I am a board director at Aukett. I am responsible for the engineering group, new business, IT and management systems.
What’s your typical day?
It’s a mixture. I manage all submissions for new projects and orchestrate all our presentations. I’m also involved in buying computers and software and setting our IT budget. I get involved in current projects, too. There are usually at least three on the go, so I go to project meetings.
What hours do you work?
I usually get to the office at about 8.15am and leave between 7.30pm and 9.30pm, or later when we have a big submission coming up. I sometimes work until late at night and at weekends.
Do you take all your holiday entitlement?
My allocation is six weeks but I usually take only four or five.

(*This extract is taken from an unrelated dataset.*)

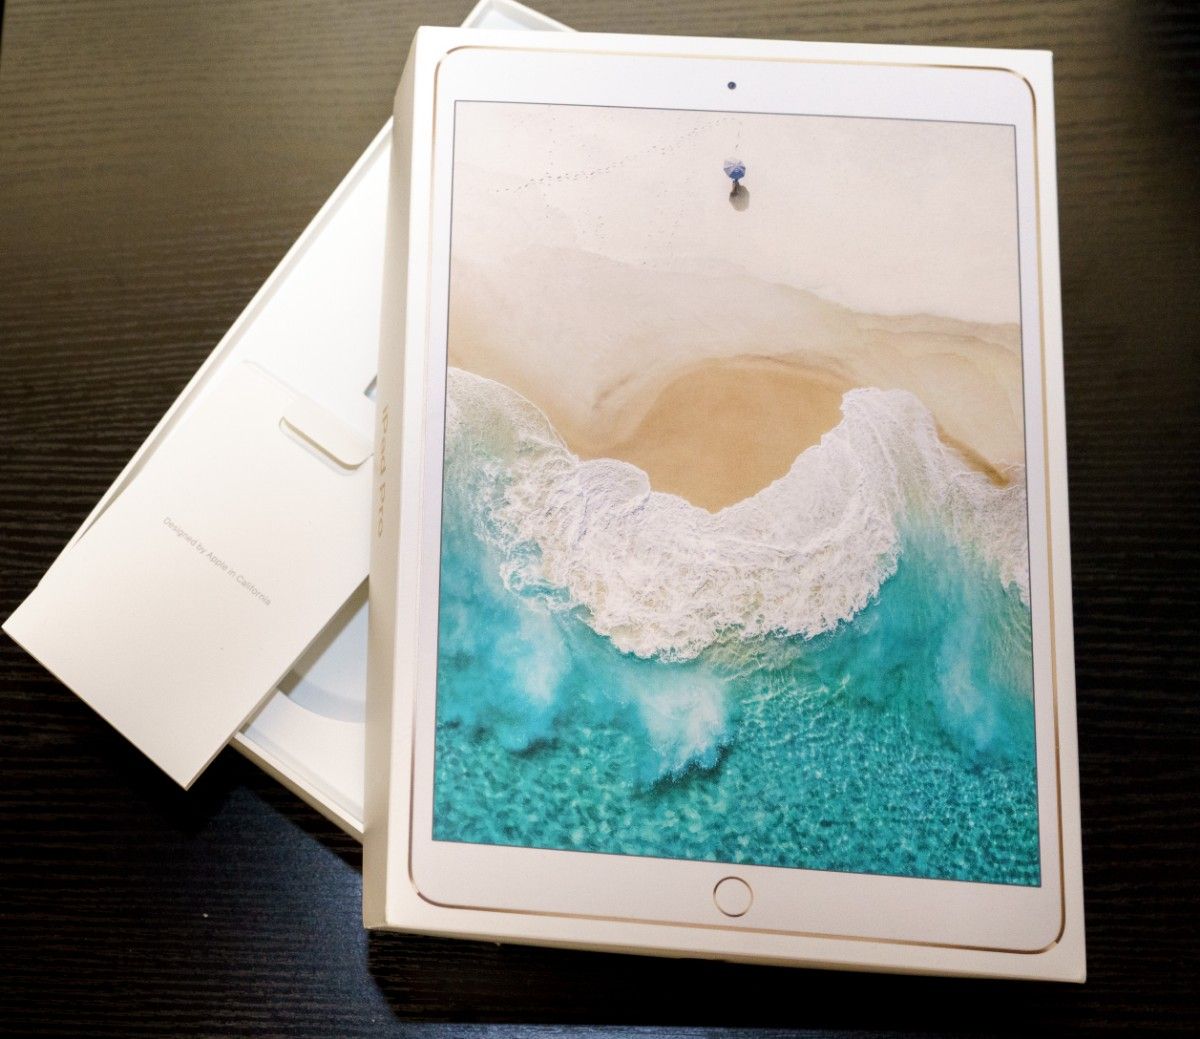 iPad Pro 10.5 インチ 256GB Wi-Fi + Cellular シルバー

Why did you become a teacher at first?
I taught evening classes in my early 20s and got a taste for it. But the real reason was that I was approaching 30 and felt I needed to break the mould. My career was progressing in a fairly pedestrian way and I hoped to change that by setting up my own business. I thought if I went into teaching, I would have more time to work on my own business because, ostensibly, the pressures are not so great. I then found that teaching was terribly demanding.

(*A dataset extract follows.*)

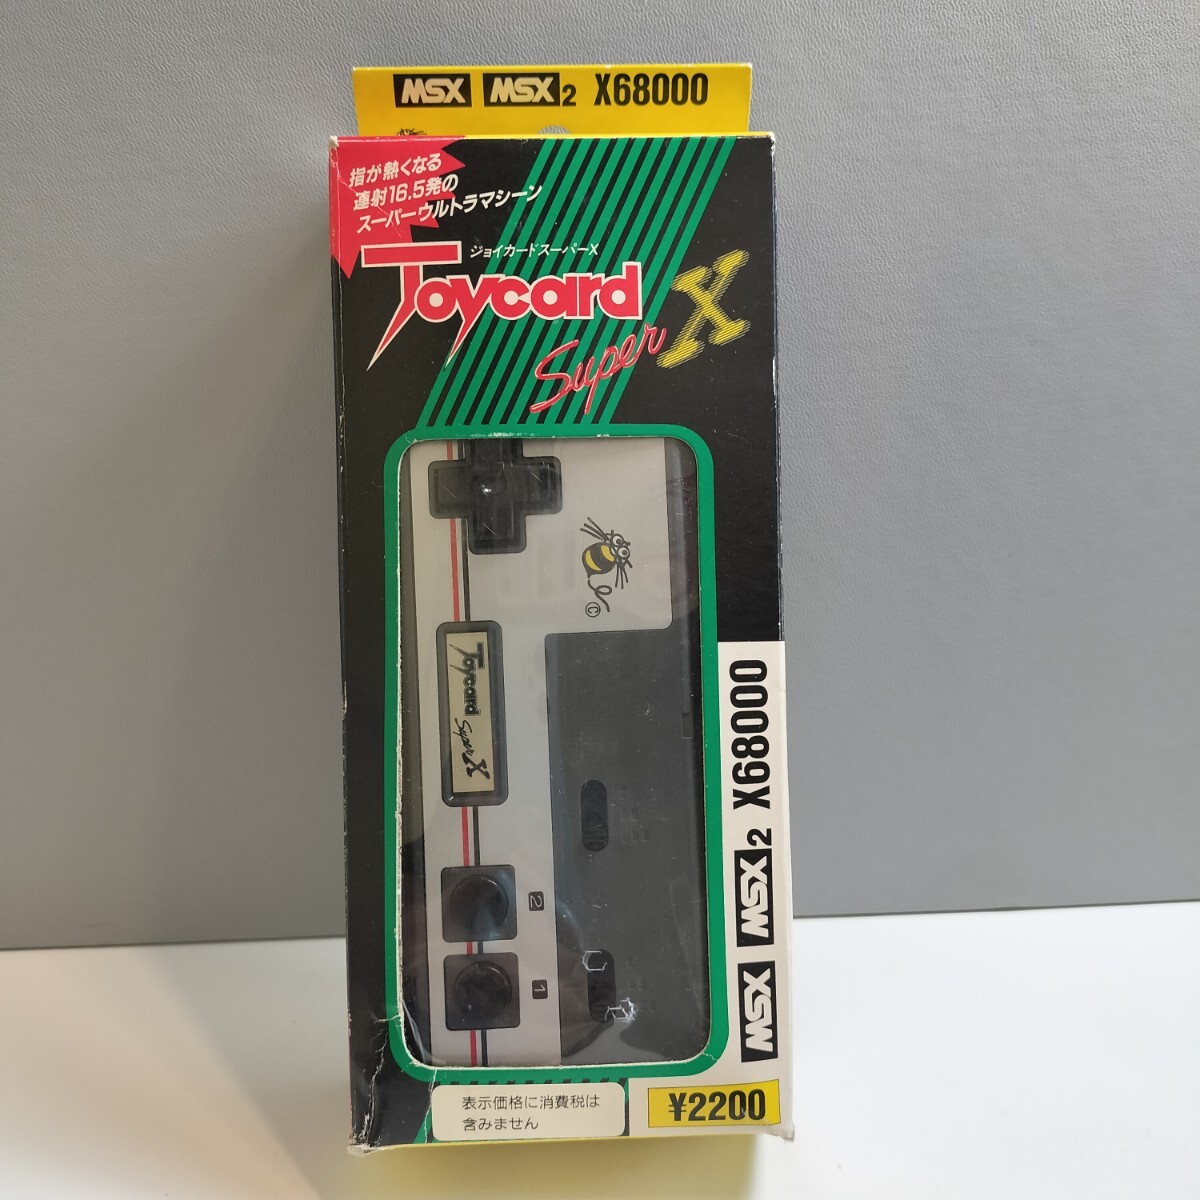 HUDSON SOFT Joycard SuperX ハドソン ジョイカード MSX MSX2 X68000 コントローラの画像1

Is that why you stopped teaching?
I started lecturing in 1972 but from about 1974 I began to do consultancy work as well; a lot of it at Aukett Associates. It was becoming a multidisciplinary practice and I helped integrate engineering expertise into the way it did things.
By 1985, I realised I couldn’t do either job properly. It was driving me insane. The commercial world won me over, partly because of the money, but also because I couldn’t see myself becoming a venerable old lecturer. I also think industry experience is important for lecturers – they need to keep in touch with the industry they are teaching about.
What do you prefer about your job now?
I can stand back and say: “I had a hand in making that. I built that.” As a teacher, there is no tangible result to show for your work, other than former students who are now engineers.
And I like the perks that go with my job – driving a Jaguar, owning a boat and living in a big house, as well as being able to give my kids a good start in life.
What stresses you out at work?
Submissions. They always have immovable deadlines and come in at random.
Do you ever lose your cool?
No. I’m like a swan. Serene on top and paddling away furiously underneath.
How do you relax?
I like a beer in the evening after work. Every other weekend in the summer I go sailing, either off the Isle of Wight or around Yarmouth. It’s a great way to de-stress because when you sail, you have to concentrate. You can’t think of anything else.